Kevin

Posted on Mar 10

Andrej Karpathy Is Automating AI Research Itself — Here's What That Actually Means

#ai #opensource #programming #machinelearning

Andrej Karpathy Is Automating AI Research Itself — Here's What That Actually Means

If you missed it: four days ago, Andrej Karpathy quietly pushed a repo called autoresearch to GitHub. By Tuesday morning it had nearly 20,000 stars. That's not a fluke — it's recognition that something genuinely different just happened.

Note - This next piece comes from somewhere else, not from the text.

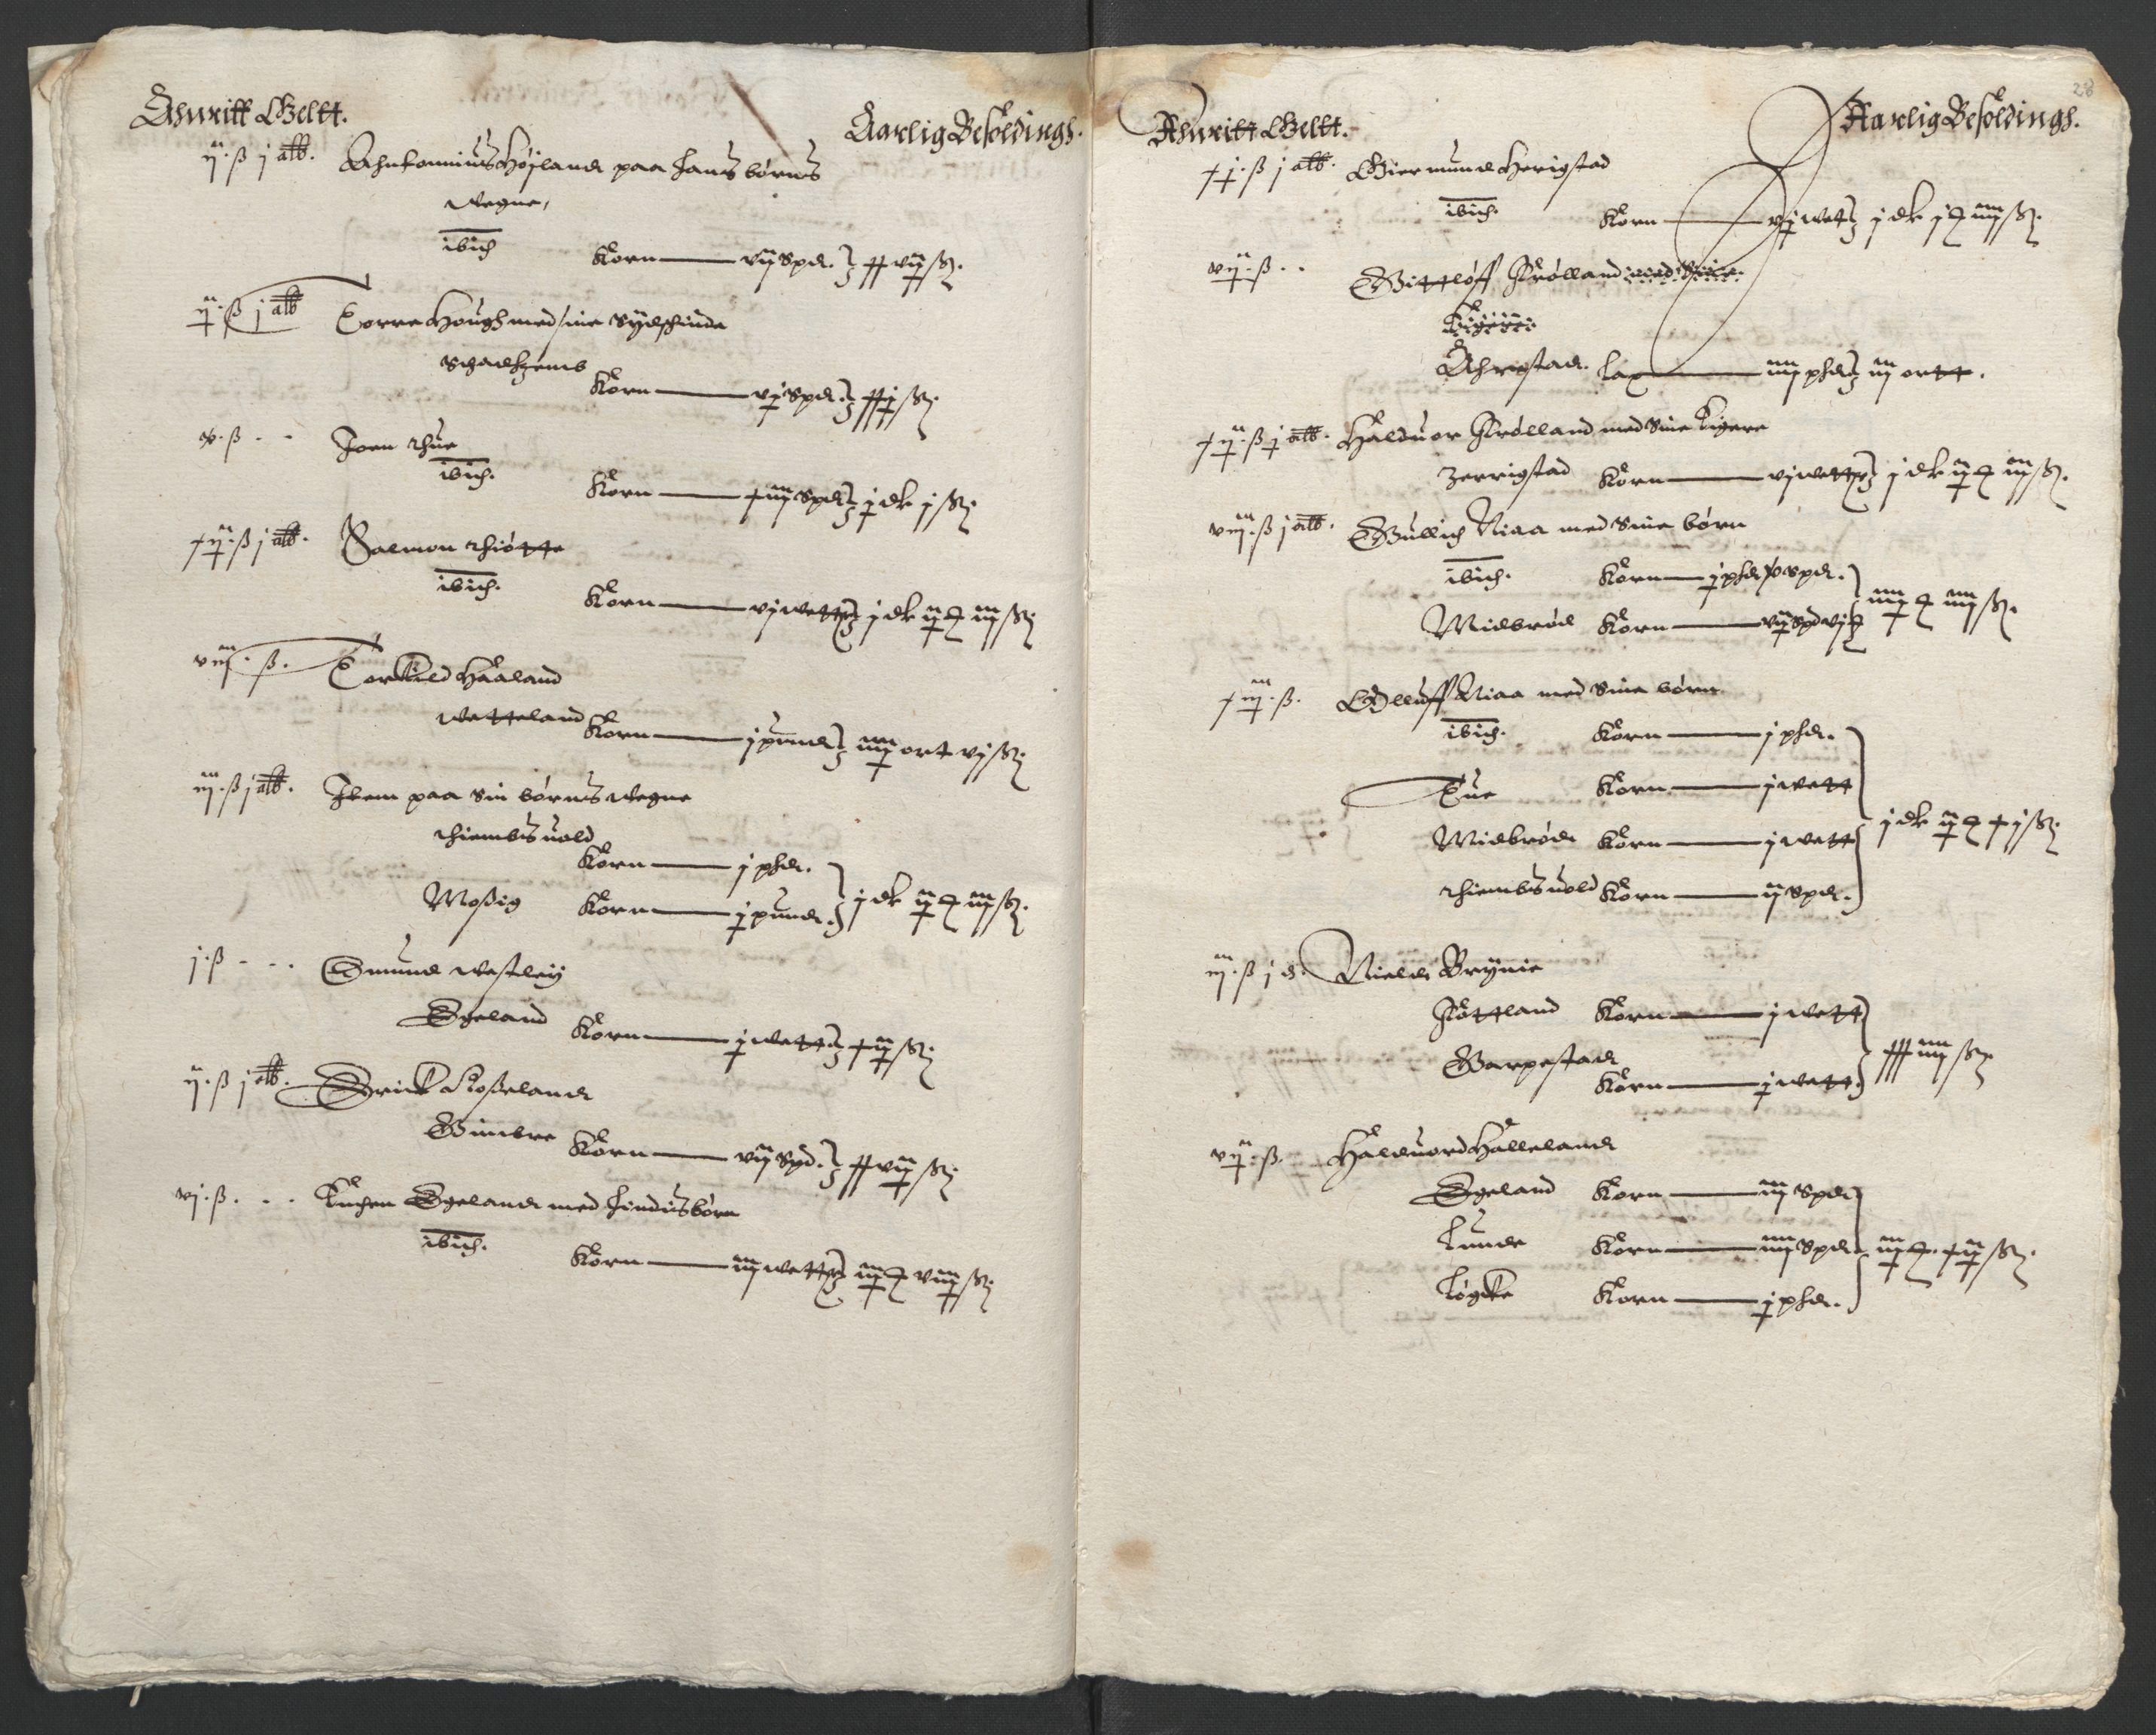 RA, Stattholderembetet 1572-1771, Ek/L0010: Jordebøker til utlikning av rosstjeneste 1624-1626:, 1624-1626, s. 122
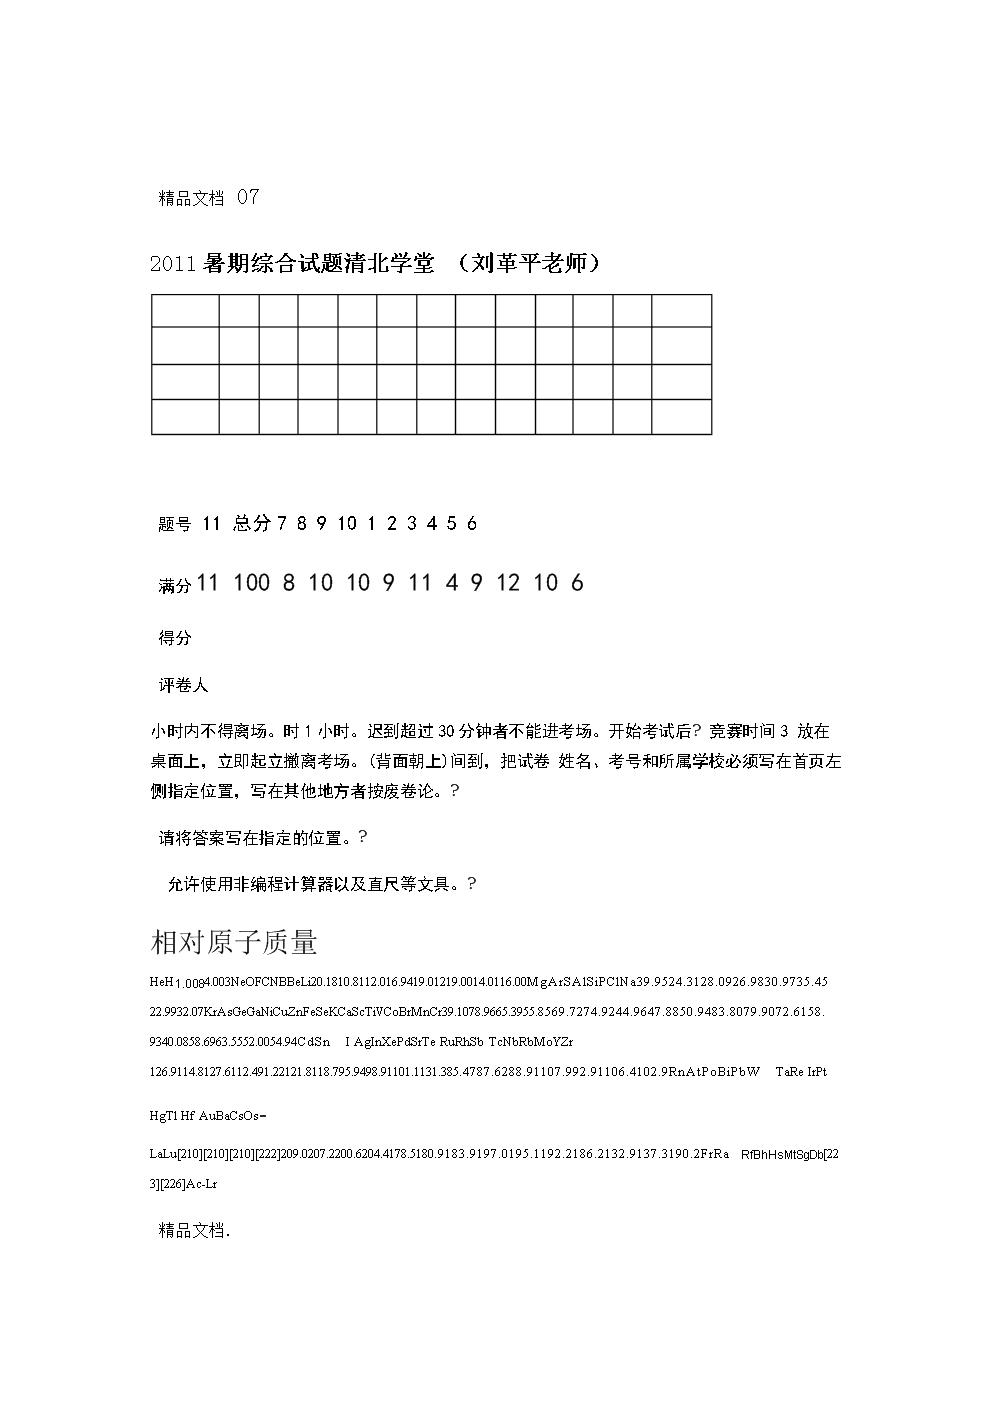 最新【精選】清北學堂暑期綜合試題及答案-07劉革平老師資料.doc

The pitch, in his own words: give an AI agent a small but real LLM training setup and let it experiment autonomously overnight. It modifies the code, trains for 5 minutes, checks if the result improved, keeps or discards, and repeats. You wake up in the morning to a log of experiments and (hopefully) a better model.

That sounds deceptively simple. But sit with it for a minute.

What autoresearch Actually Does

The repo is deliberately minimal. Three files that matter:

prepare.py — fixed constants, data prep, runtime utilities. The agent never touches this.
train.py — the full GPT model, optimizer (Muon + AdamW), and training loop. This is what the agent edits.
program.md — the "skill file" you write as a human, directing the agent's behavior.

You spin up Claude, Codex, or whatever LLM you prefer in this repo, point it at program.md, and let it loose. The agent is given a simple goal: lower the val_bpb (validation bits per byte) metric. Lower is better. It can change anything in train.py — architecture, optimizer settings, batch size, attention patterns, everything.

The clever constraint is the fixed 5-minute time budget. Every experiment runs for exactly five minutes of wall-clock training time, regardless of what the agent changed. This makes experiments directly comparable — if the agent decides to try a larger model, a different optimizer, or a novel attention kernel, the comparison is still fair because the time budget is identical. It also means you get roughly 12 experiments per hour, or about 100 experiments overnight on a single H100.

One hundred experiments. While you sleep. On one GPU.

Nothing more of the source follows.